### [EXERCISE OBJECTIVE]
Print every entry exactly as it appears, but skip the pictures.

### [RECORD EXTRACTS]
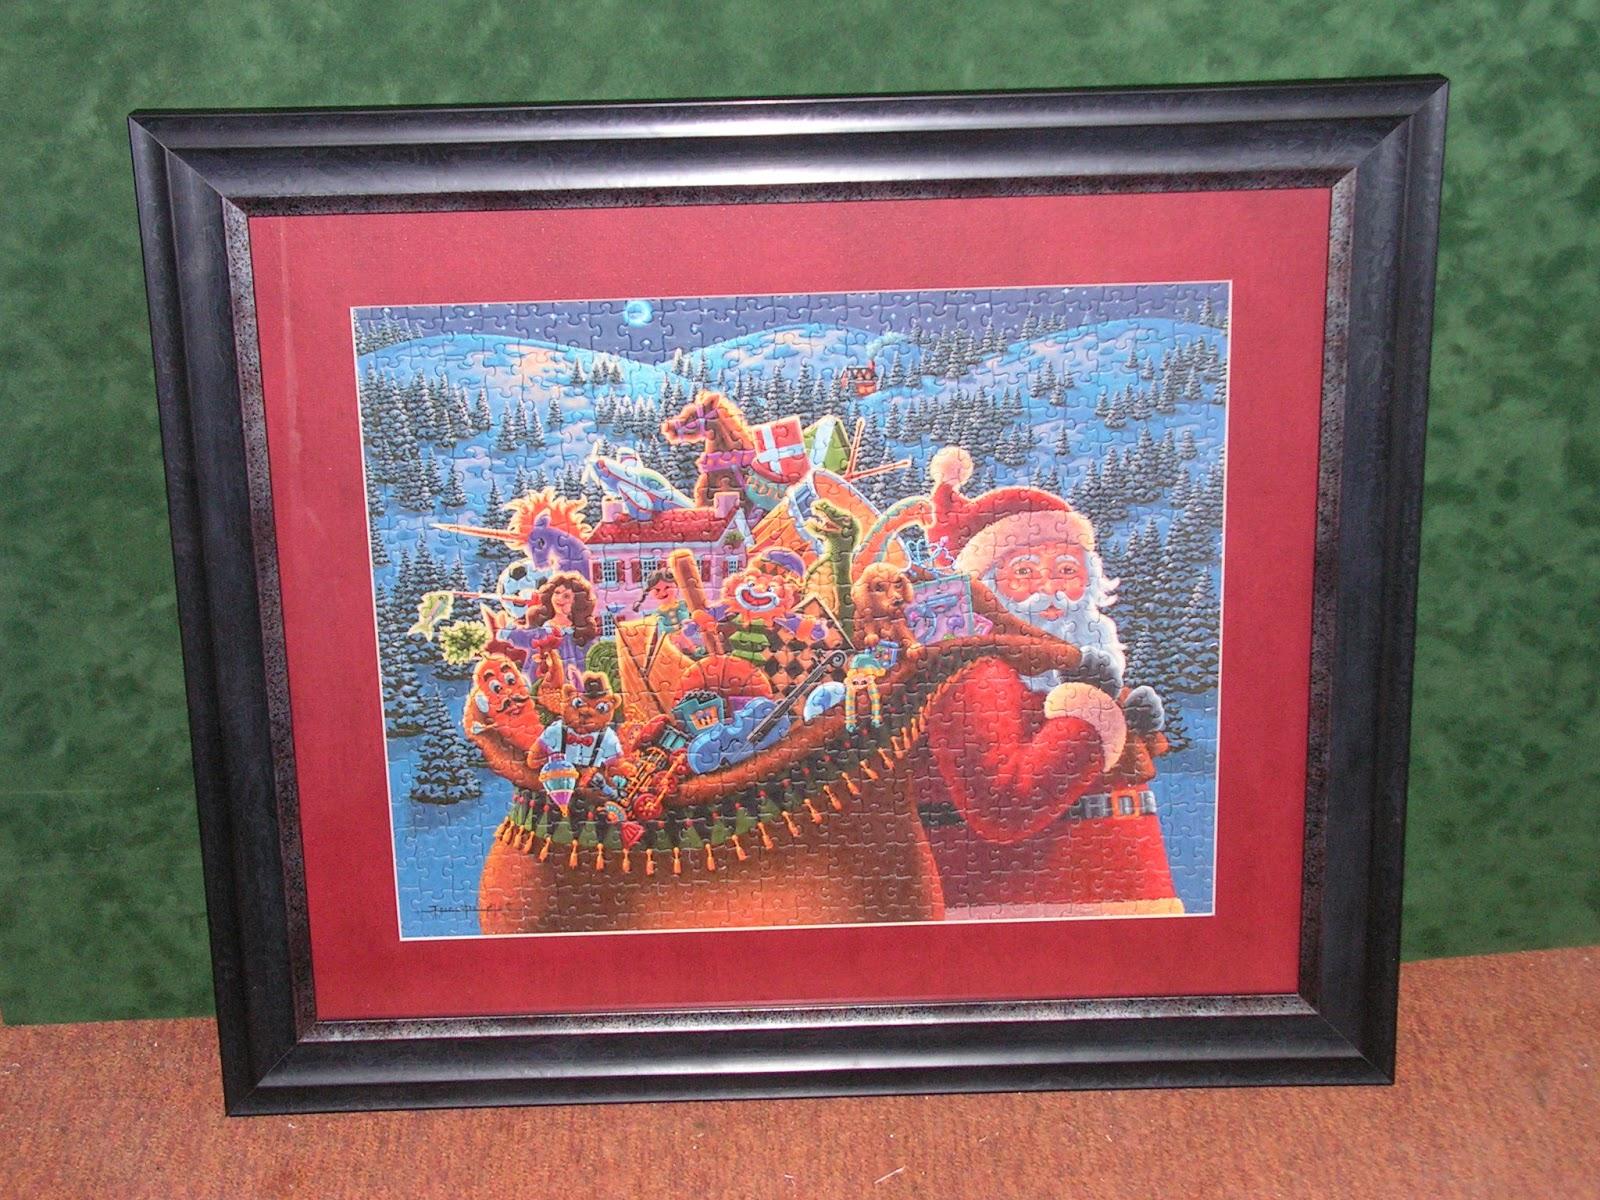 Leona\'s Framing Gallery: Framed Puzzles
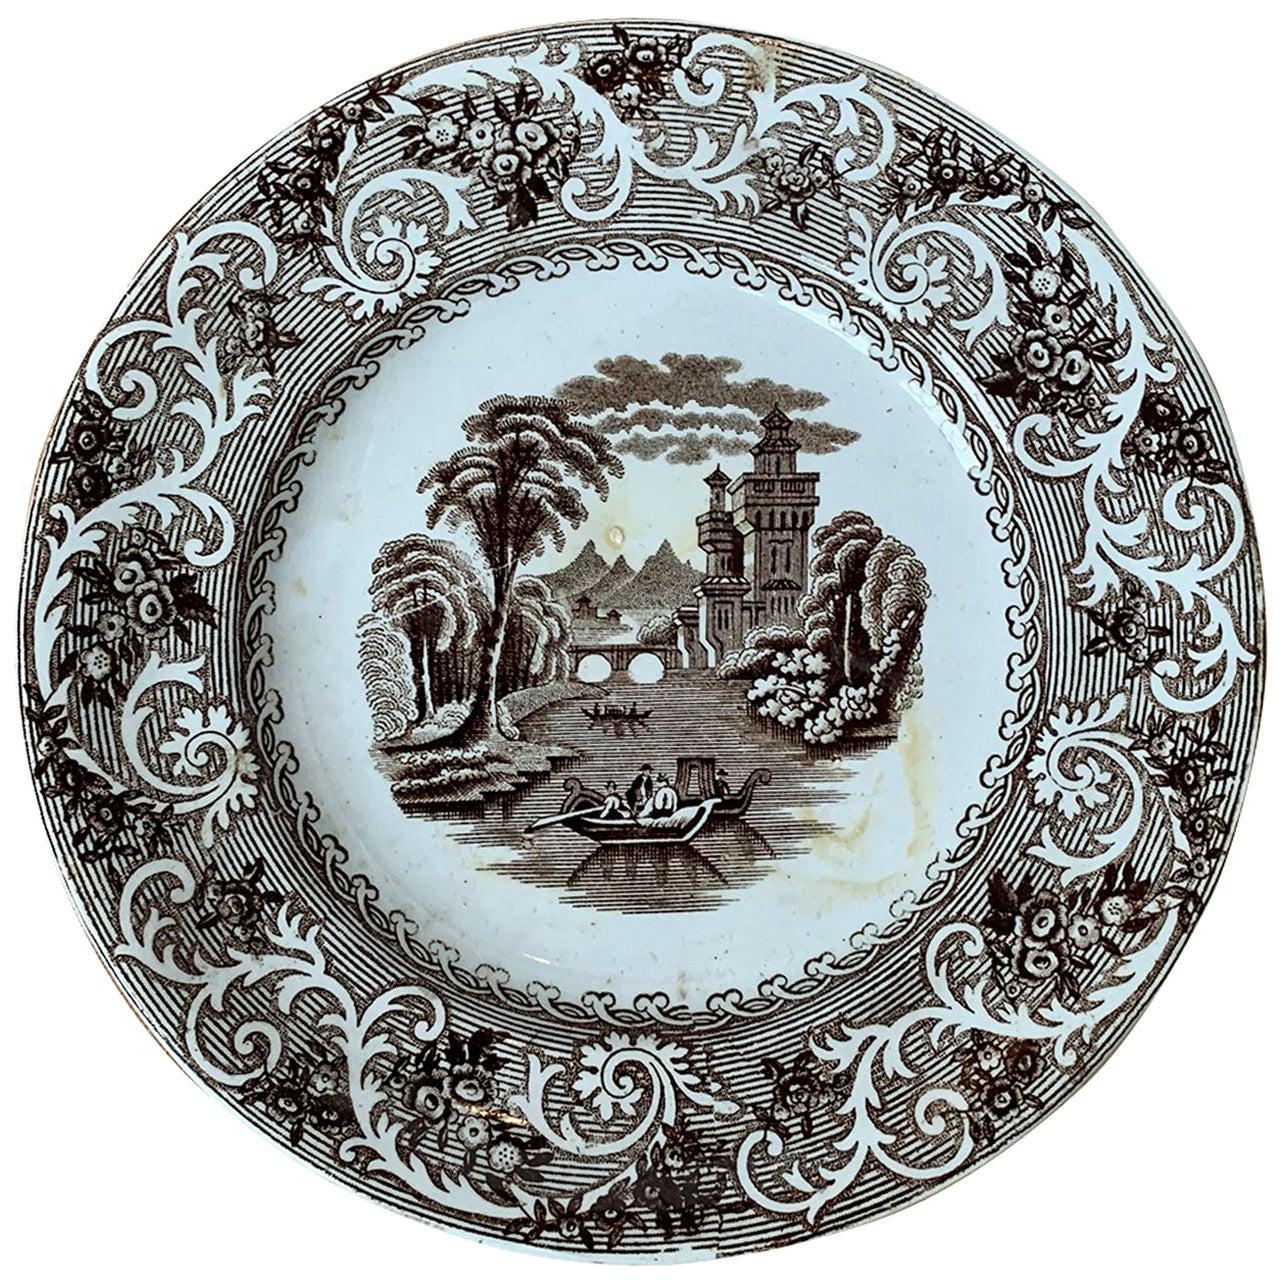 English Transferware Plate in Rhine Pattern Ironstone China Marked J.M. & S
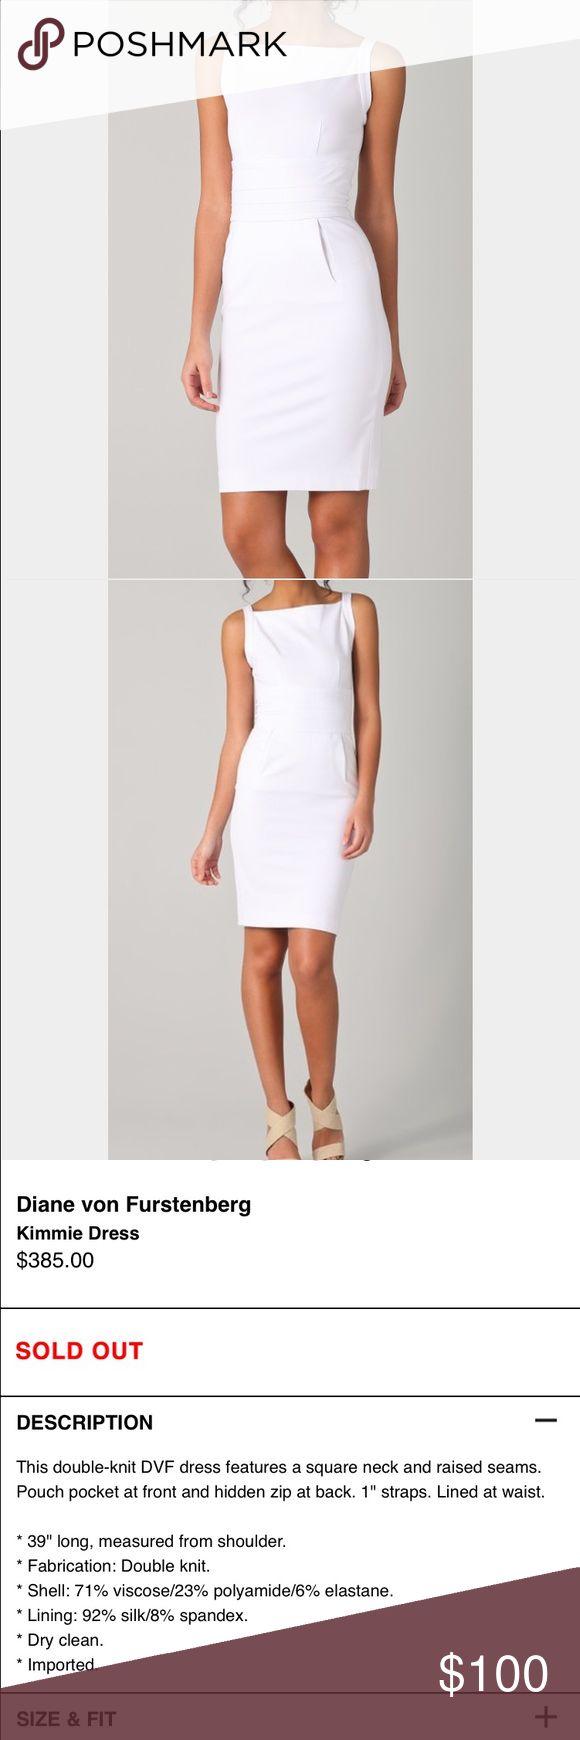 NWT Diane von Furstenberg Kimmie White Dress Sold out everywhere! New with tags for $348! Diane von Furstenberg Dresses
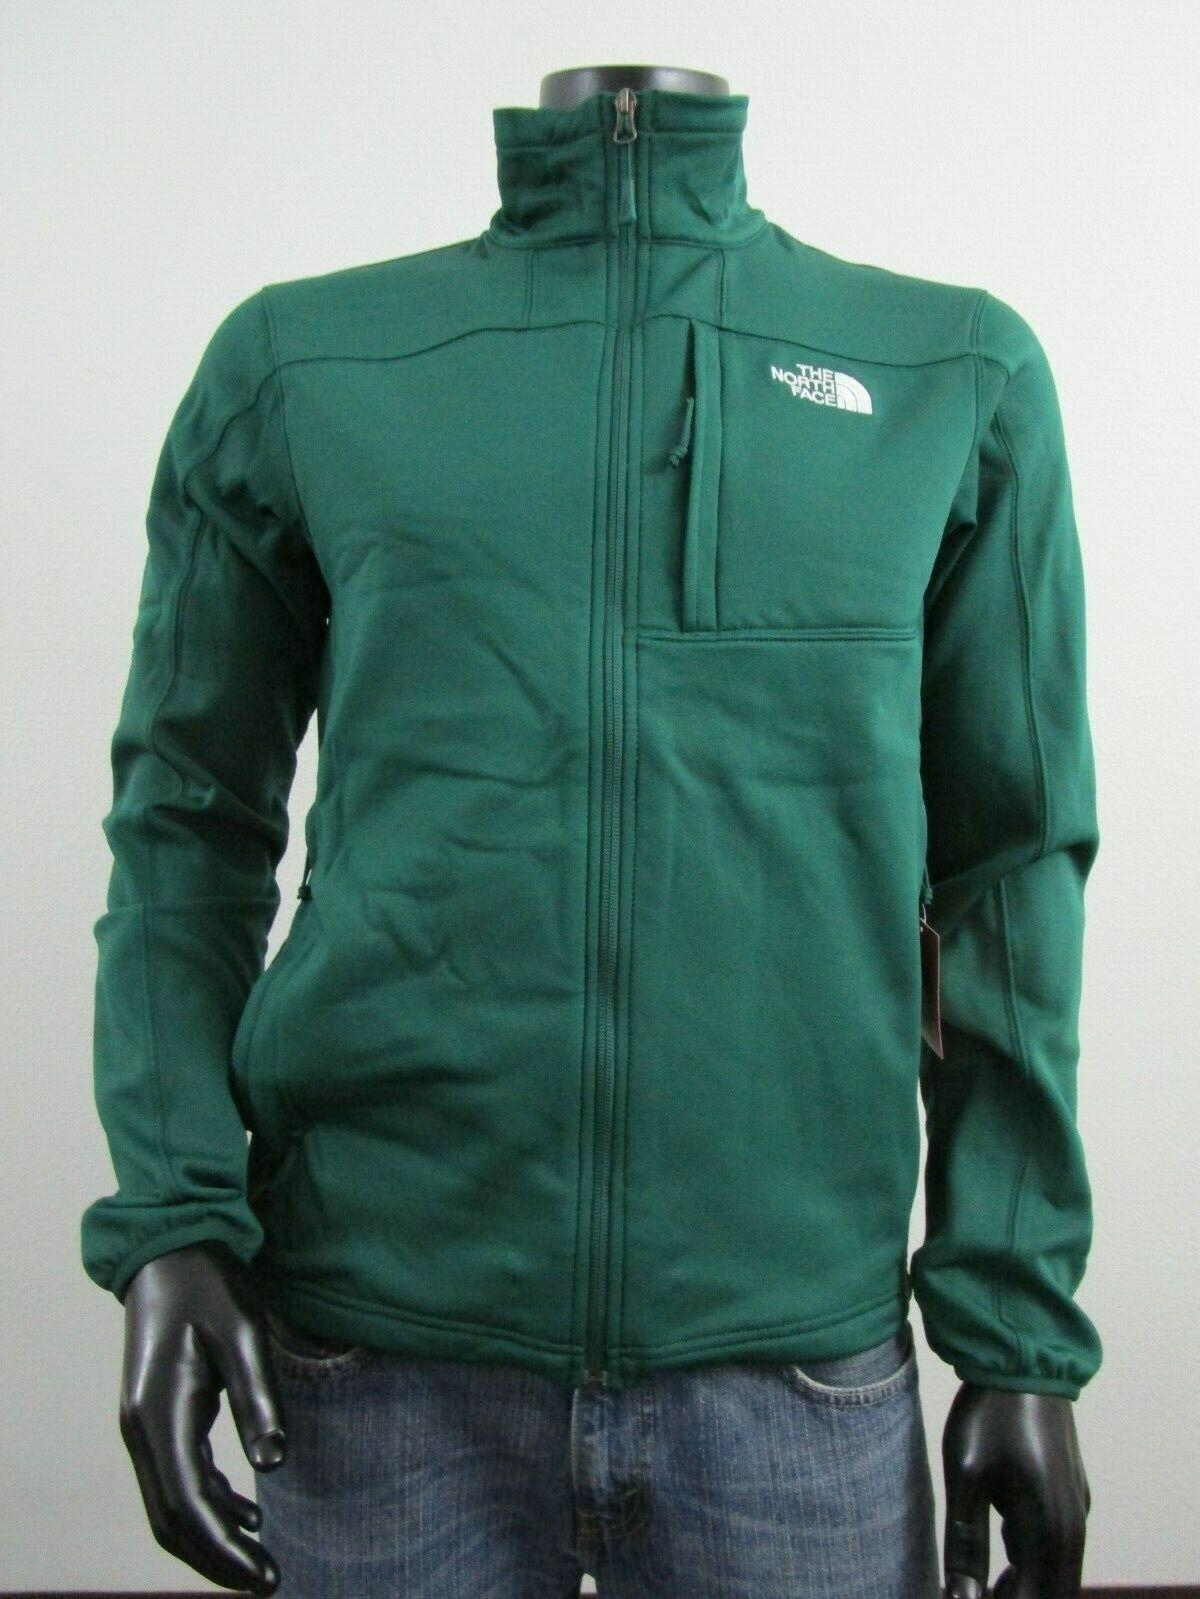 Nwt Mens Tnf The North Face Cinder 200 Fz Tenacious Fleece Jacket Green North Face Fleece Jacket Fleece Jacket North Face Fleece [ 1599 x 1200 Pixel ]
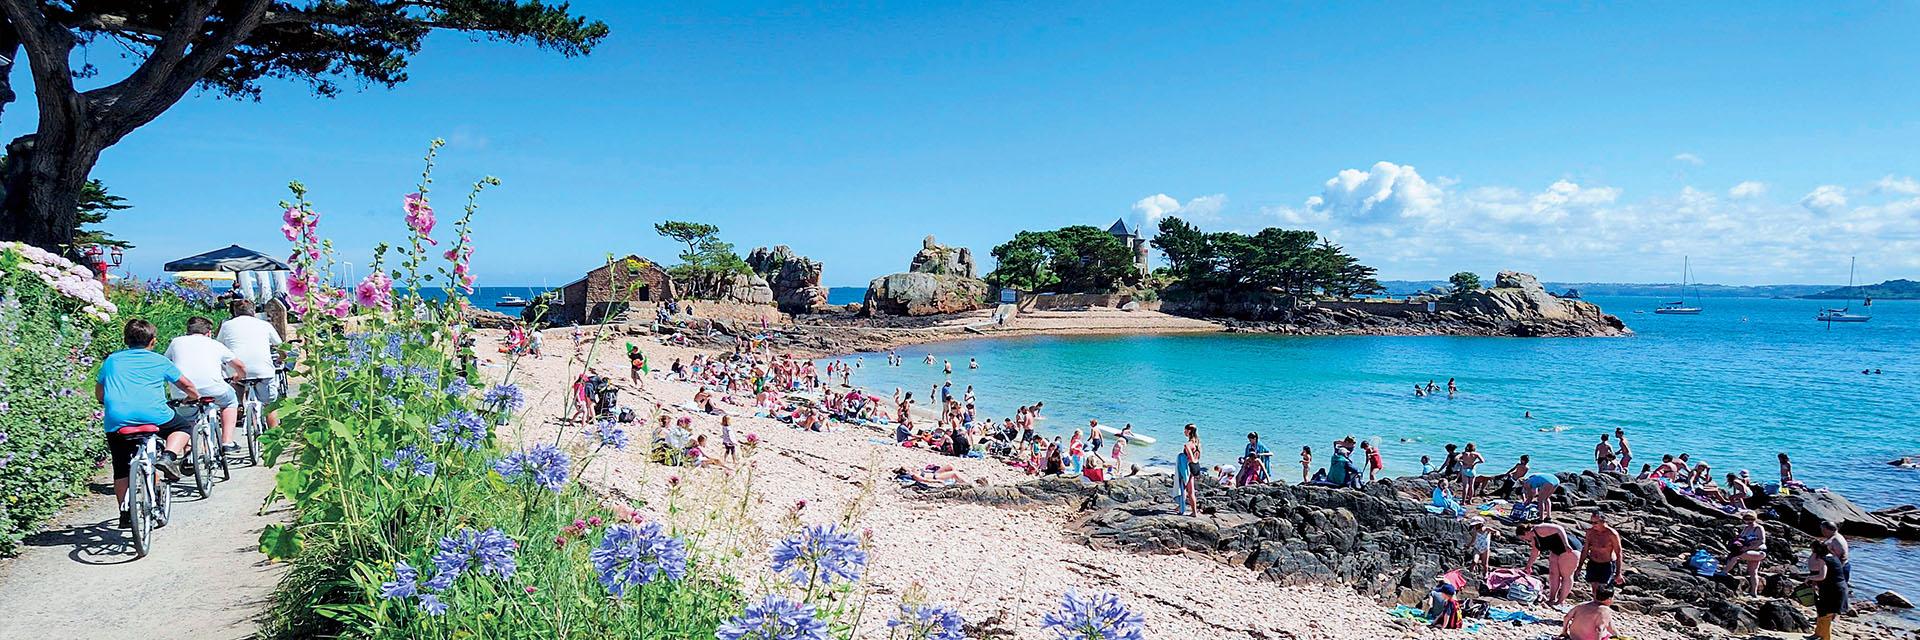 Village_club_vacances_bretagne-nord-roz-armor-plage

### [RESPONSE TO THE EXERCISE]
 Leona\'s Framing Gallery: Framed Puzzles
 English Transferware Plate in Rhine Pattern Ironstone China Marked J.M. & S
 NWT Diane von Furstenberg Kimmie White Dress Sold out everywhere! New with tags for $348! Diane von Furstenberg Dresses
 Nwt Mens Tnf The North Face Cinder 200 Fz Tenacious Fleece Jacket Green North Face Fleece Jacket Fleece Jacket North Face Fleece [ 1599 x 1200 Pixel ]
 Village_club_vacances_bretagne-nord-roz-armor-plage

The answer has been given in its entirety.